Initial Dosing for Zepbound (Tirzepatide)
Start Zepbound at 2.5 mg subcutaneously once weekly for the first 4 weeks, then increase to 5 mg weekly. 1, 2
Standard Titration Schedule
The FDA-approved titration protocol follows a structured 4-week escalation pattern 1, 2:
- Weeks 1-4: 2.5 mg once weekly (tolerability assessment dose, not therapeutic)
- Weeks 5-8: 5 mg once weekly (first therapeutic dose)
- Weeks 9-12: 10 mg once weekly (if additional weight loss needed)
- Week 13+: 15 mg once weekly (maximum dose, if tolerated and needed)
Each dose increase occurs after 4 weeks at the current dose 1, 2. The 2.5 mg starting dose specifically minimizes gastrointestinal side effects during initial treatment 2.
Key Prescribing Details
Injection technique: Administer subcutaneously once weekly on the same day each week, at any time of day, with or without meals 3. The injection site can be abdomen, thigh, or upper arm 1.
Maintenance dosing: The therapeutic maintenance dose is 5 mg, 10 mg, or 15 mg weekly based on efficacy and tolerability 2. Most patients will require escalation beyond the 2.5 mg starting dose to achieve meaningful weight loss 1.
Critical Pre-Treatment Screening
Absolute contraindications that must be ruled out before initiating 1, 2:
- Personal or family history of medullary thyroid cancer
- Multiple endocrine neoplasia syndrome type 2 (MEN2)
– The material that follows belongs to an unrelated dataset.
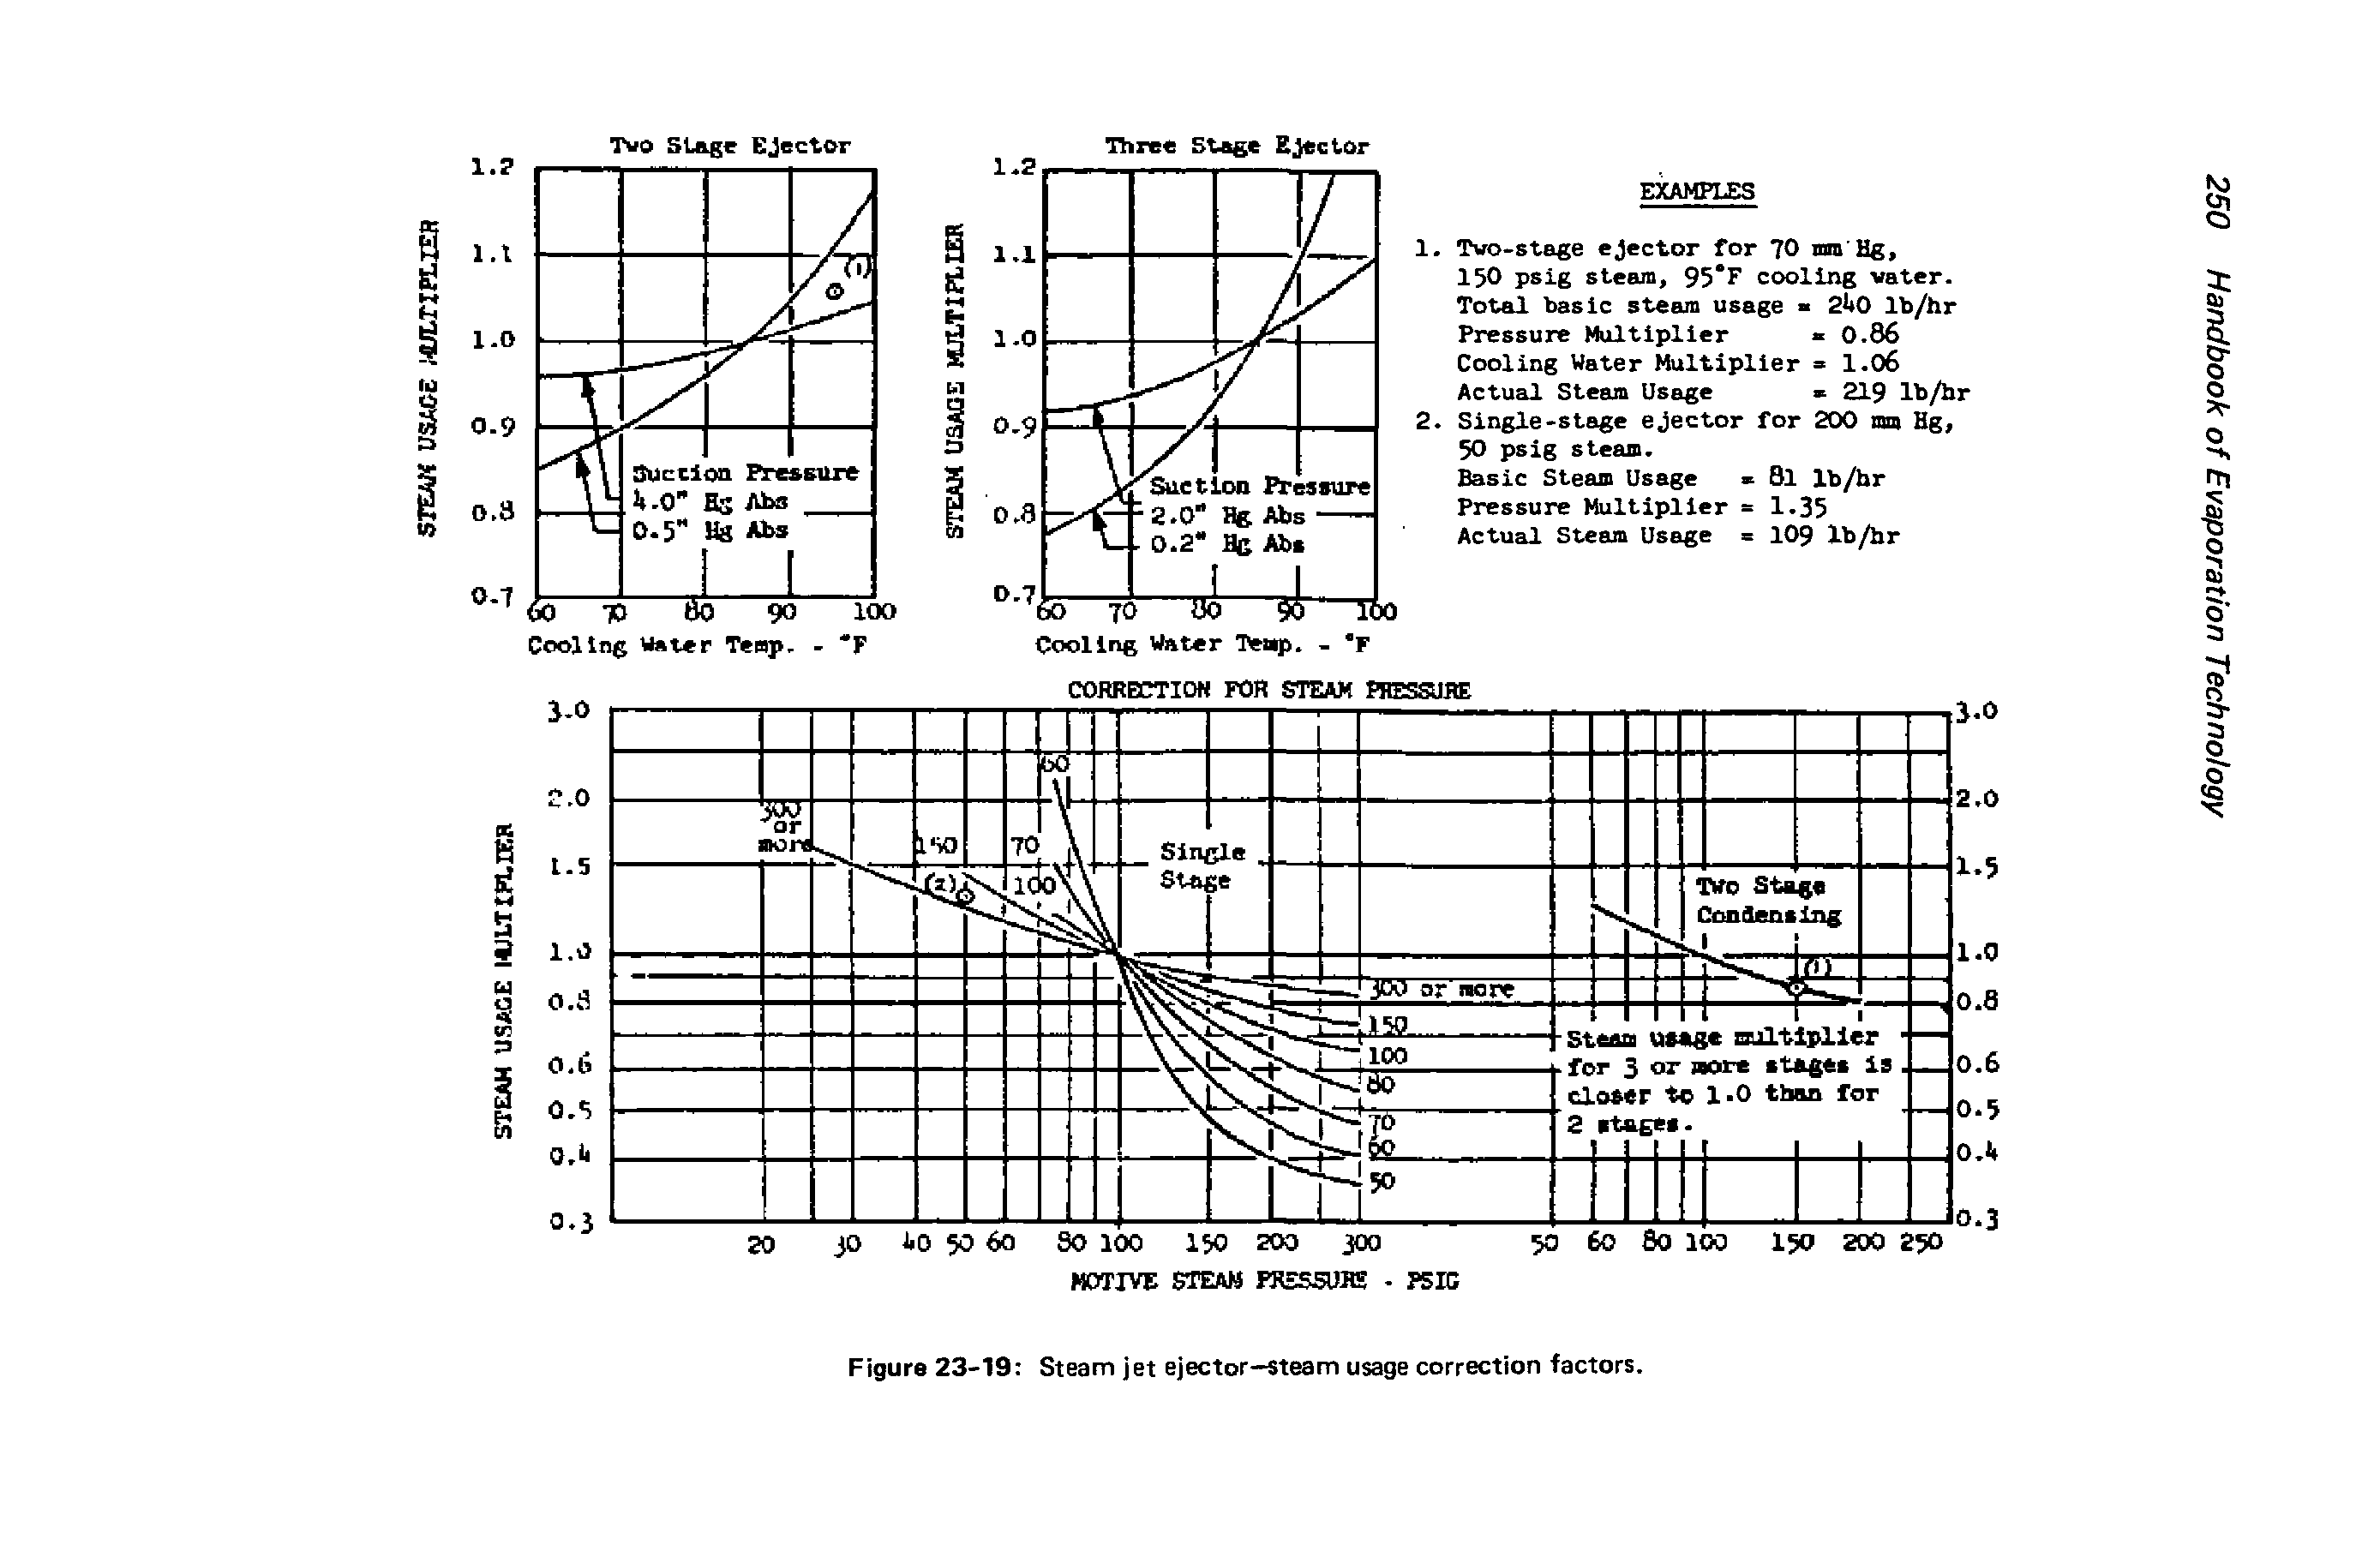 Figure 23-19 Steam jet ejector—steam usage correction factors.

- History of severe hypersensitivity to tirzepatide
Required baseline assessments 1:
- BMI ≥30 kg/m² (obesity) OR BMI ≥27 kg/m² with at least one weight-related comorbidity (hypertension, dyslipidemia, obstructive sleep apnea, cardiovascular disease)
- Lipid panel (total cholesterol, LDL, HDL, triglycerides)
- Comprehensive metabolic panel including renal function
- Screen for gastroparesis or severe gastrointestinal motility disorders
Concomitant Medication Adjustments
If patient is taking insulin: Reduce basal insulin by 20% immediately when starting tirzepatide to prevent hypoglycemia 1. For patients with HbA1c <8%, consider a more aggressive 30% reduction 1.
If patient is taking sulfonylureas: Discontinue or reduce dose by 50% to prevent hypoglycemia 1.
Oral contraceptives: Women using oral contraceptives should switch to a non-oral method or add barrier contraception for 4 weeks after initiation and after each dose escalation due to delayed gastric emptying 2.
Monitoring During Titration
Every 4 weeks during dose escalation 1, 2:
- Weight and blood pressure
- Gastrointestinal tolerance (nausea, vomiting, diarrhea)
- Signs of pancreatitis (persistent severe abdominal pain)
- Signs of gallbladder disease
Efficacy assessment at 12-16 weeks on maximum tolerated dose: Expect at least 4-5% body weight loss to justify continuation 3, 2. If weight loss is <5% after 3 months at therapeutic dose, consider discontinuation and alternative approaches 1.
Common Pitfalls to Avoid
Do not assess efficacy at 2.5 mg: This starting dose is solely for tolerability, not weight loss efficacy 3. Premature evaluation leads to inappropriate discontinuation.
Do not skip the titration schedule: Rapid escalation significantly increases gastrointestinal adverse events (nausea occurs in 17-31% of patients) 2. Slow titration improves tolerability 1.
Do not forget lifestyle modifications: Tirzepatide must be combined with a reduced-calorie diet (500-kcal deficit) and minimum 150 minutes per week of physical activity 1. Medication alone without lifestyle modification yields suboptimal results 1.
Do not overlook medication interactions: Tirzepatide delays gastric emptying, which can affect absorption of oral medications with narrow therapeutic indices (e.g., warfarin) 2. Monitor these medications closely 1.
Expected Outcomes
With proper titration to therapeutic doses, tirzepatide achieves mean weight loss of 15-20.9% at 72 weeks, with the 15 mg dose producing the greatest effect 1, 2, 4. Approximately 91% of patients achieve ≥5% weight loss, and 50-57% achieve ≥20% weight loss with the 10-15 mg doses 4.